• Recorded information

----------

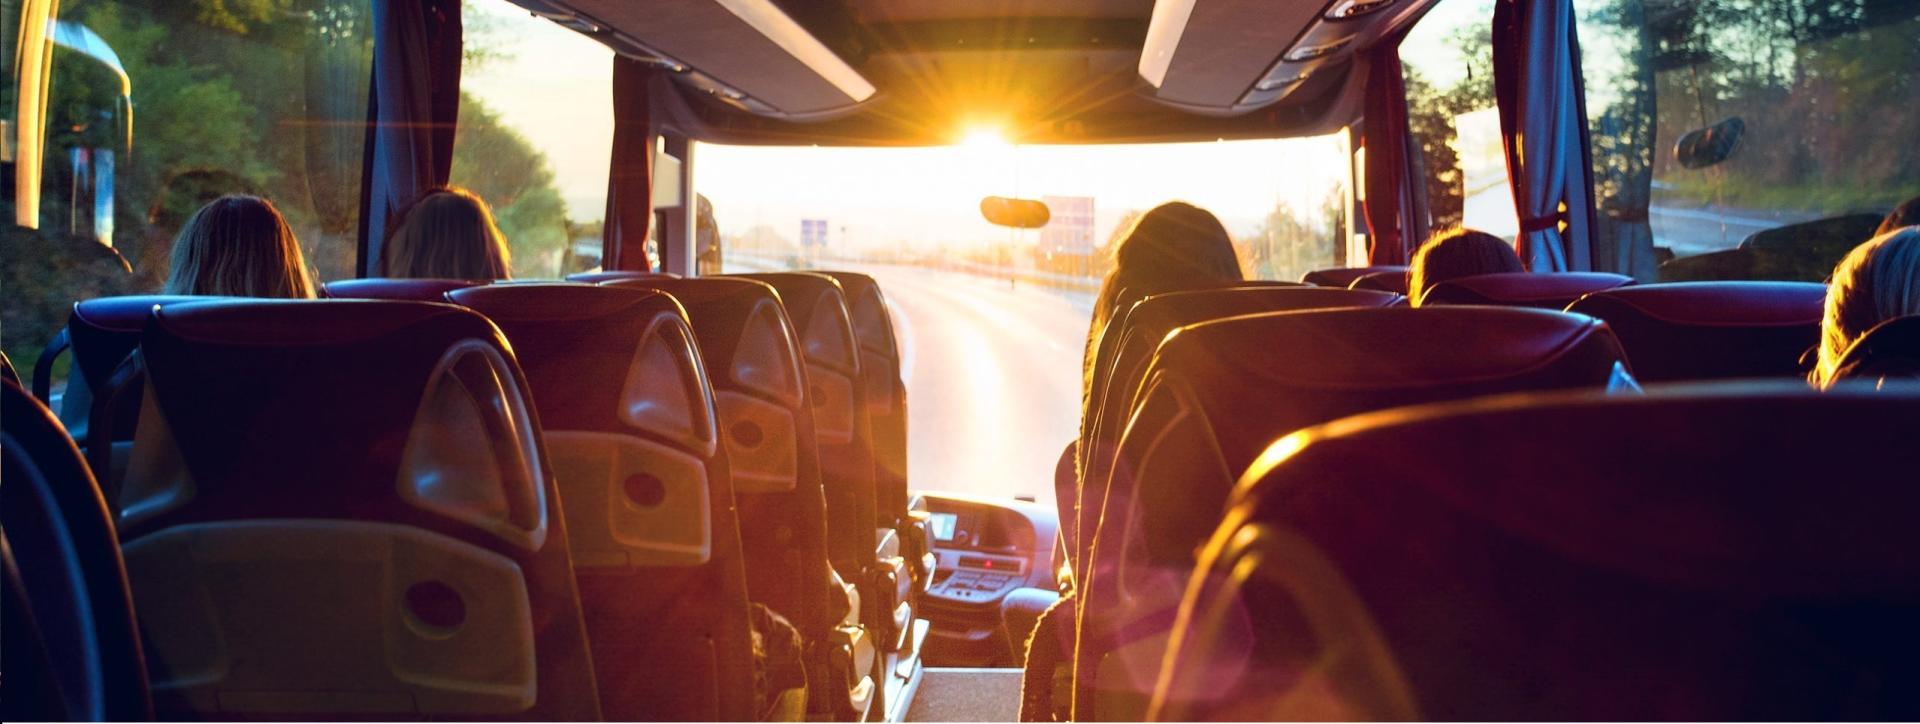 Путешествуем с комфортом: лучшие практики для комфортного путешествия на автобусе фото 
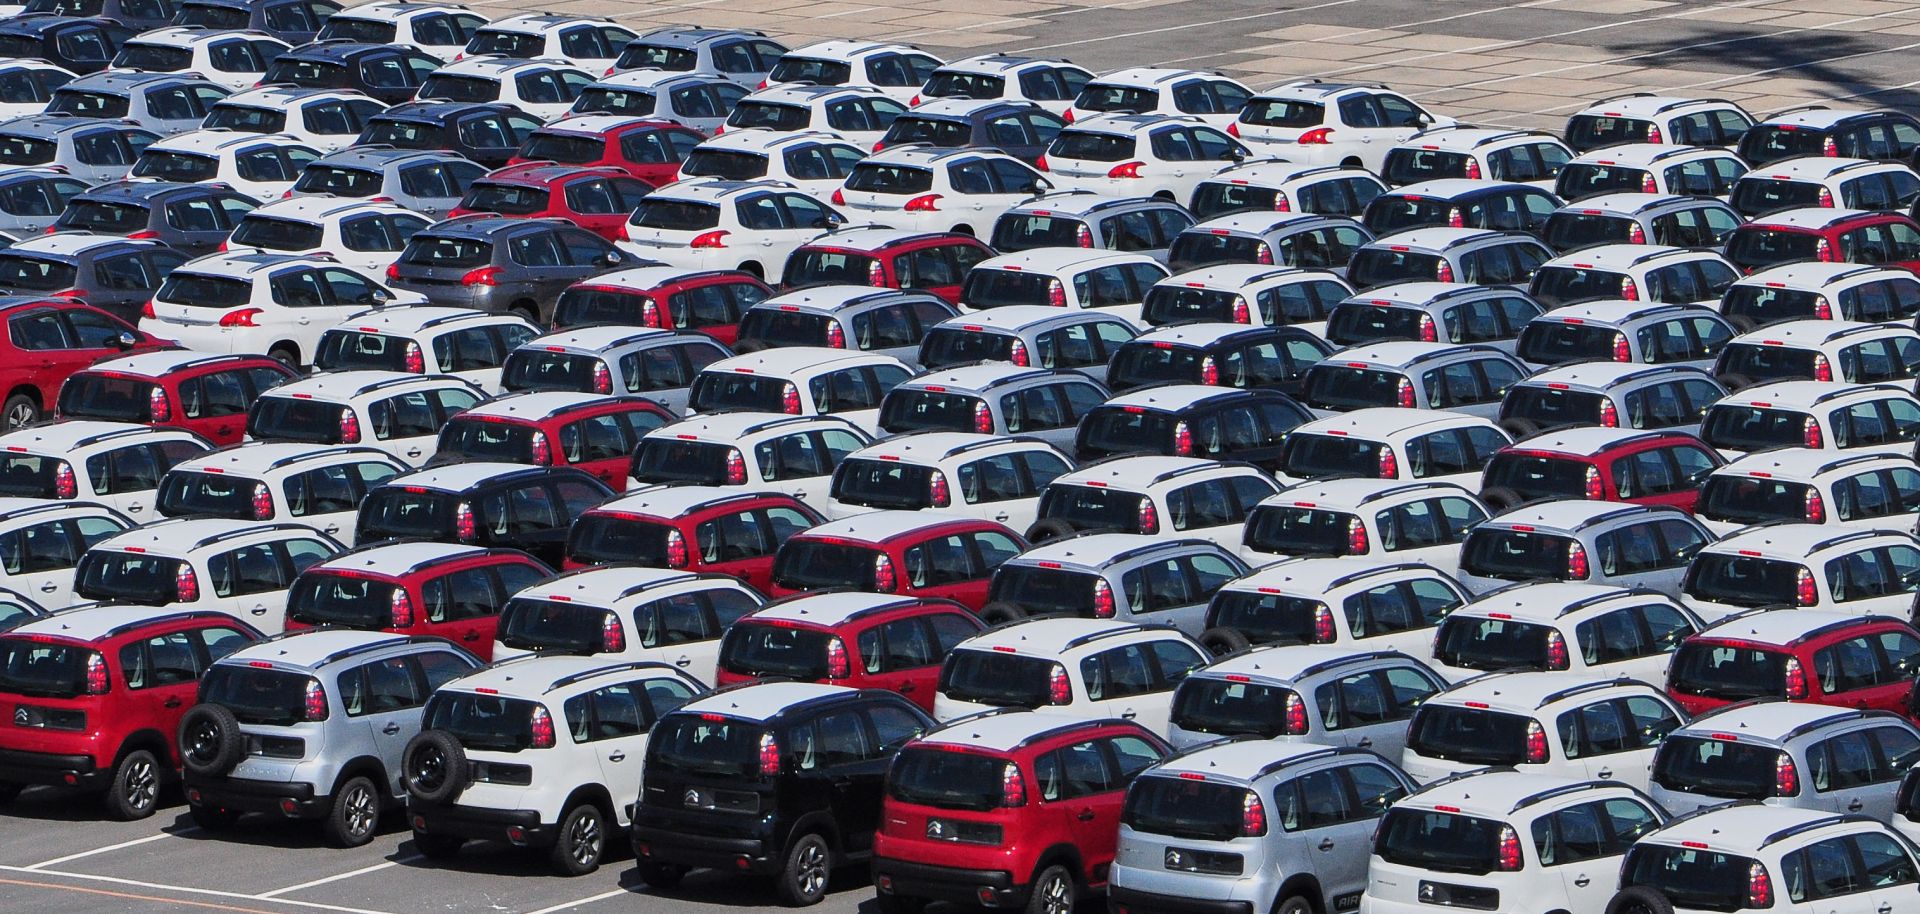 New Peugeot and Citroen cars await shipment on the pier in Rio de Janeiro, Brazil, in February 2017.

----------

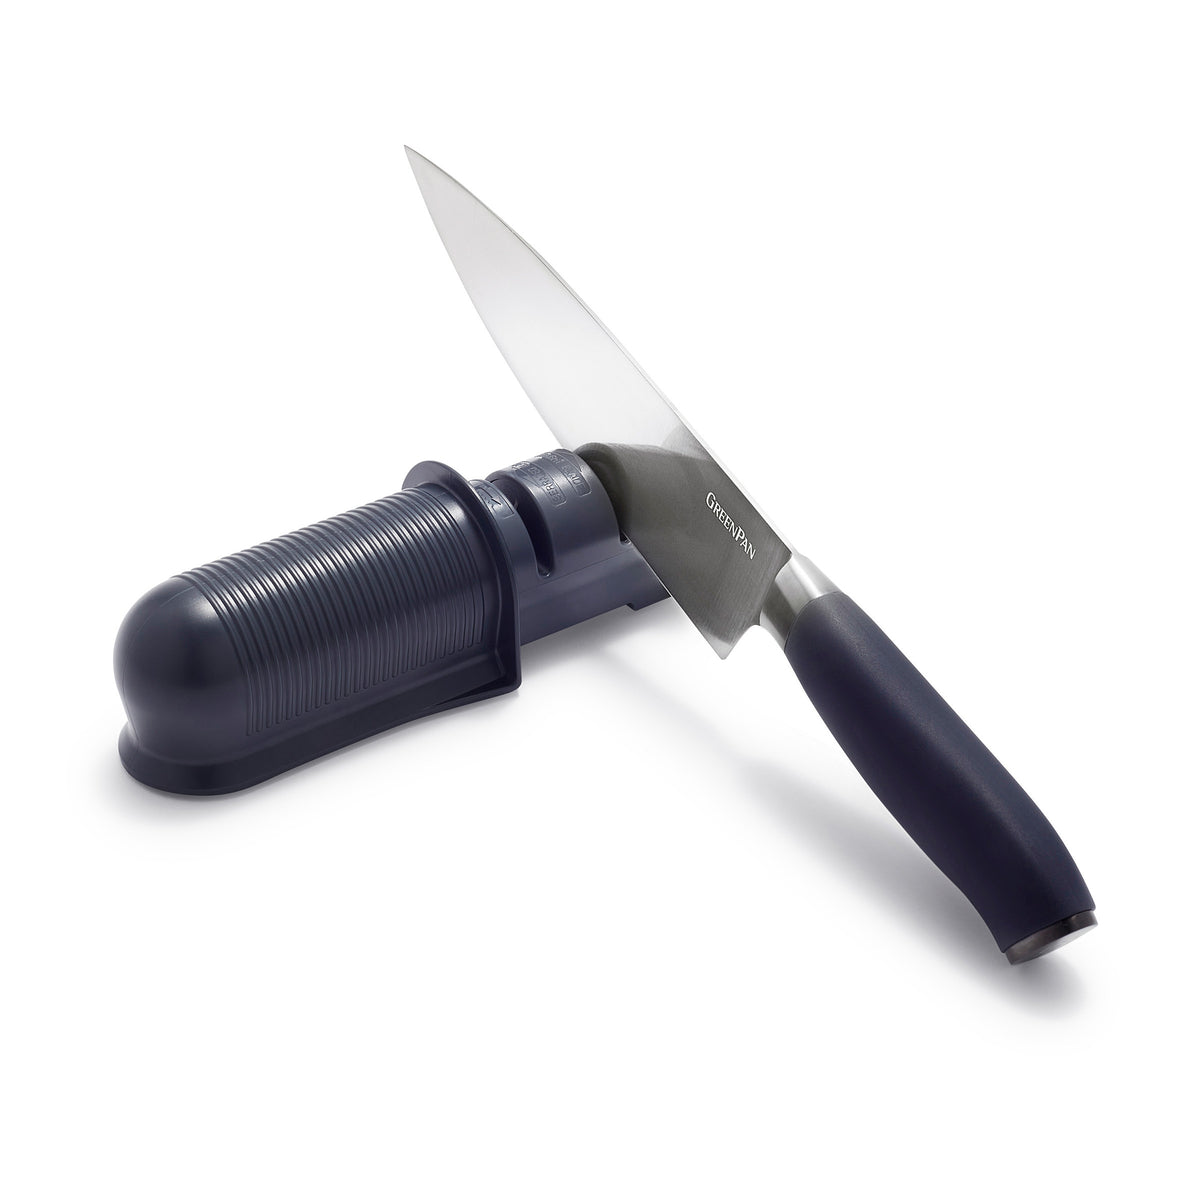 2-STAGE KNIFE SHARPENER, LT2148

----------

• What you should do
Above are the records; copy from them only the lines starting at the one containing "Путешествуем с комфортом: лучшие" and ending at the one containing "New Peugeot and", exactly and without pictures.

• Answer box
 Путешествуем с комфортом: лучшие практики для комфортного путешествия на автобусе фото 
 New Peugeot and Citroen cars await shipment on the pier in Rio de Janeiro, Brazil, in February 2017.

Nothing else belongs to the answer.